10:53 Écrit par Hassan dans contemporain, Film, Politique | Lien permanent | Commentaires (0) | Tags : blackkklansman | | | |  Facebook

25/08/2018

The Dandelion Dynasty 1. The grace of kings par Ken Liu

Titre : The Dandelion Dynasty 1. The grace of kings
Auteur : Ken Liu
Éditeur : Saga Press 7 avril 2015
Pages : 640

Dara est composé de plusieurs îles avec, au centre, une grande île. L'espace est divisé entre plusieurs états ayant leurs propres spécialités. Les guerres sont nombreuses entre ces petits états et il est rare que la paix et les promesses entre les rois durent longtemps. Mais tout cela a changé lorsque le roi de Xana s'est mis à rêver. Il se demanda s'il ne serait pas mieux pour les peuples de Dara s'il n'existait qu'un seul et unique roi chargé d'unir tout le monde. Son rêve a pris forme après des années de guerre. Mais devint un cauchemar alors que son règne se transforme en tyrannie. Petit à petit, d'anciennes familles nobles et de simples personnes se mettent à rêver de rébellion. Le moment parfait arrive lorsque l'empereur meurt.

SPOILERS

Je n'ai pas apprécié ma lecture. Celle-ci fut très laborieuse. Je n'ai pas réussi à apprécier le style de l'auteur dans ce livre. J'ai eu encore plus de mal vers la moitié du roman lorsque Ken Liu décide d'utiliser la forme épistolaire, que je n'ai jamais appréciée. Mais il faut lui concéder une construction particulièrement réussie de son univers. Sans entrer dans les détails, l'auteur nous fait observer une île à un moment particulier de son histoire tout en n'oubliant pas de mettre en avant son passé et sa richesse. Les personnages naviguent dans un réseau dense de cultures et de traditions basées sur des écrits classiques. Il est rare que ces classiques ne soient pas mentionnés.

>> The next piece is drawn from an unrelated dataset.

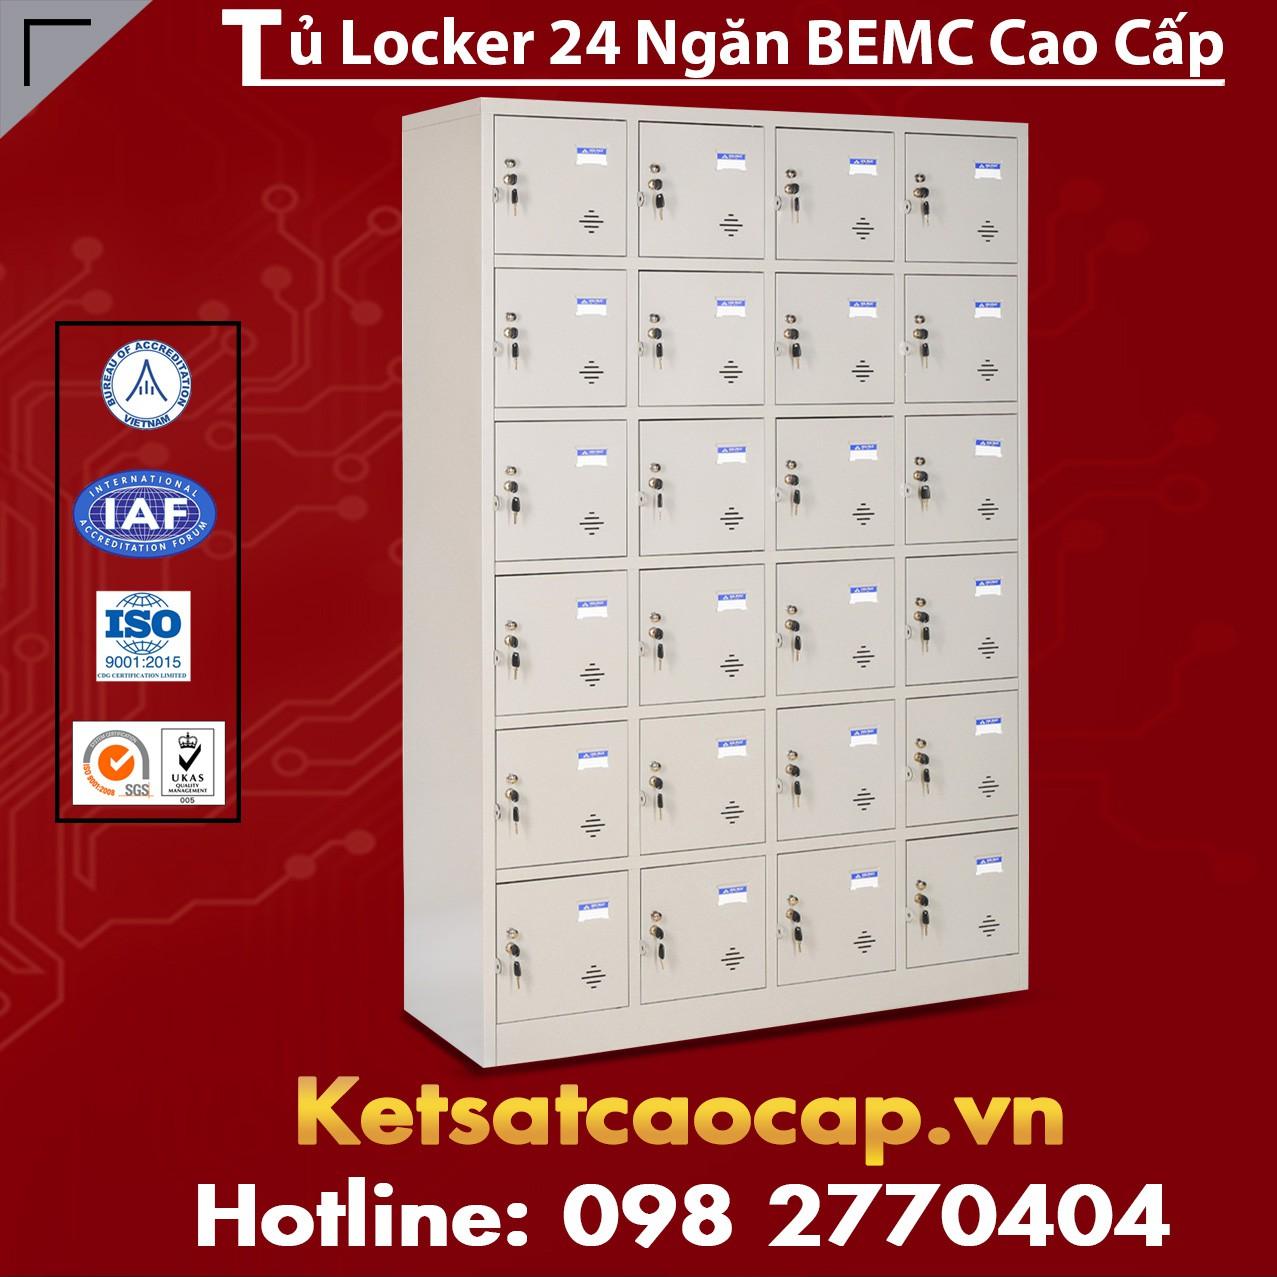 Chuyen Cung Cap Tu Locker Chat Luong Tot

De plus, l'auteur met en avant le thème de l'humanité des dirigeants. Le roman est rempli de rois, de reines, de princes et princesses mais aussi de généraux. Ces personnages ont des points positifs mais aussi des points négatifs. Ceux-ci permettent à Ken Liu de montrer ce que le pouvoir fait aux personnes qui le reçoive. Régulièrement, des personnages modestes deviennent cruels et arrogants tandis que d'autres, moins nombreux, tentent de rester humbles. Souvent, la confiance en leurs conseillers devient de moins en moins importantes par peur des trahisons. Au fil du livre, ce sont surtout deux personnages qui montrent deux manières de diriger. Le premier, Mata Xindu, provient d'une vieille famille noble. Il veut gagner par l'honneur et par sa force et déteste la trahison et aime le passé qu'il anoblit de toutes les vertus. Gouverner ne l'intéresse par vraiment. Le second, Kuni Garu, aime gouverner et essaie d'aider le peuple à bien vivre mais il ne s'arrête pas aux trahisons et au déshonneur si cela lui permet de gagner. La lutte entre ces deux personnages est autant une lutte pour la couronne qu'une lutte idéologique.

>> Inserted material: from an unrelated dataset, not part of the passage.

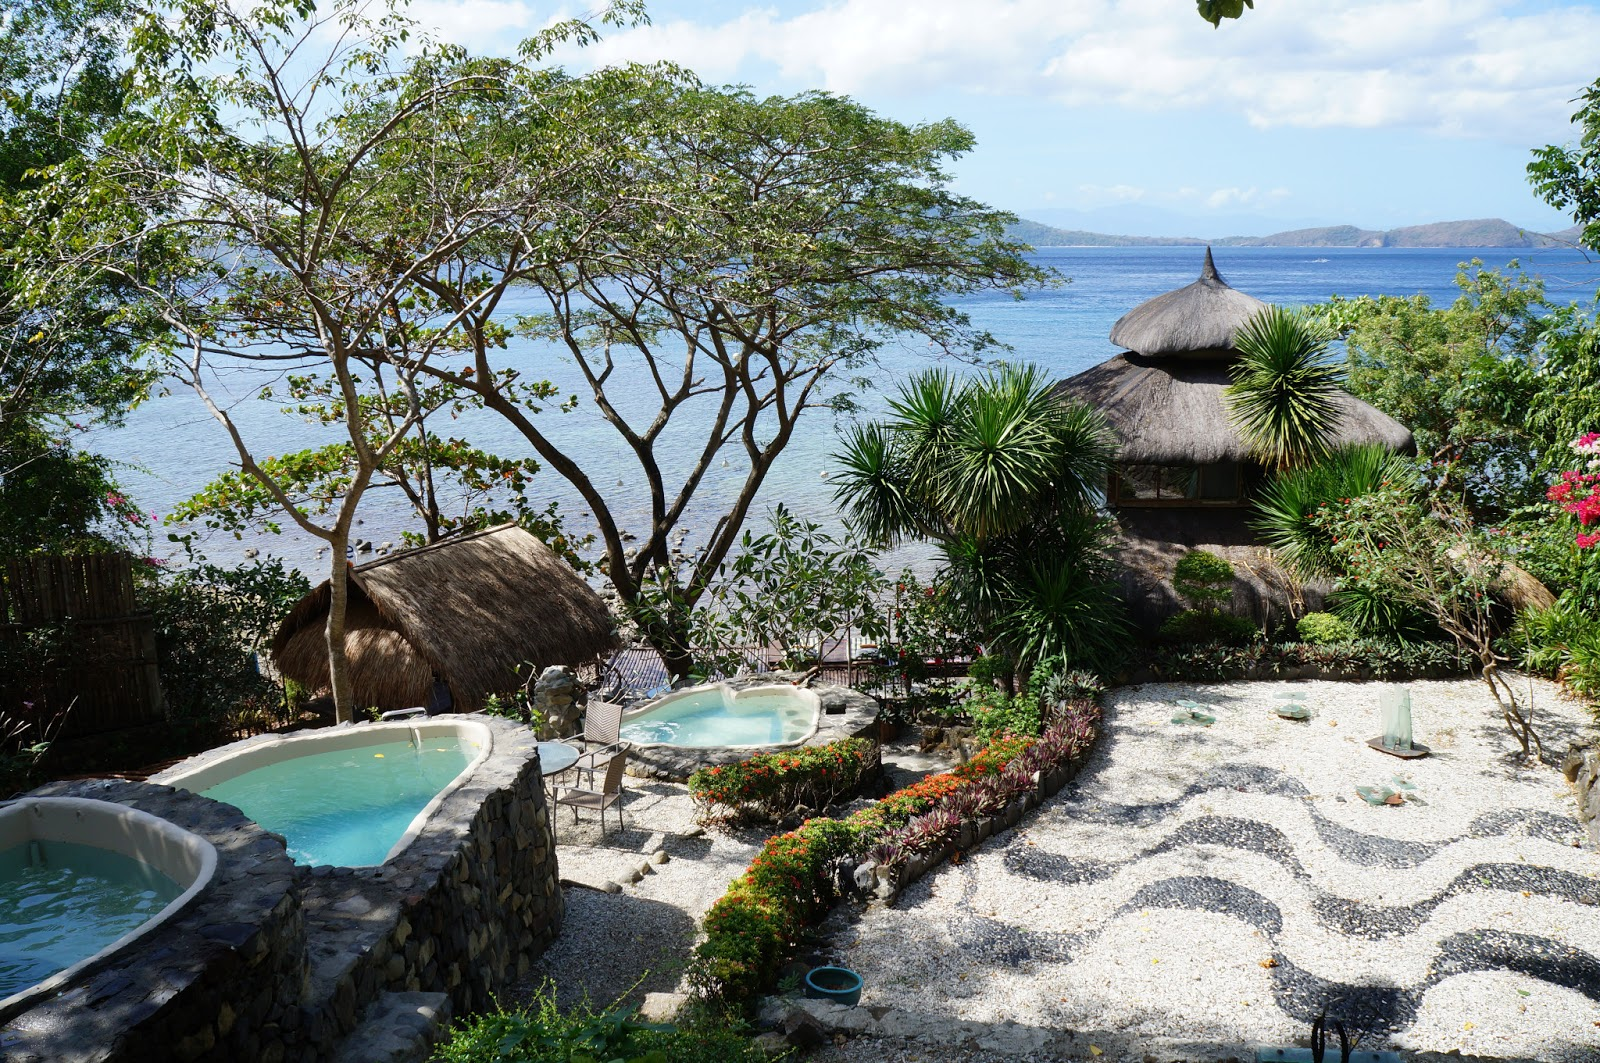 Casita Ysabel A Paradise Weekend Getaway In Mabini Batangas Jeepney Manila

Le roman est aussi empli de plusieurs personnages féminins qui auraient pu devenir intéressants. Certaines de ces femmes meurent rapidement après qu'on les ait rencontrées mais d'autres restent plus longuement. Malheureusement, la promesse de leur offrir une place équivalente aux personnages féminins est rapidement oubliées. Personnellement, j'aurais apprécié plus de pages du point de vue de Jia et Risana sans oublier Gin Mazoti, une stratégiste particulièrement douée.

* Malgré de nombreuses idées intéressantes je n'ai pas du tout aimé ce livre, à ma grande tristesse.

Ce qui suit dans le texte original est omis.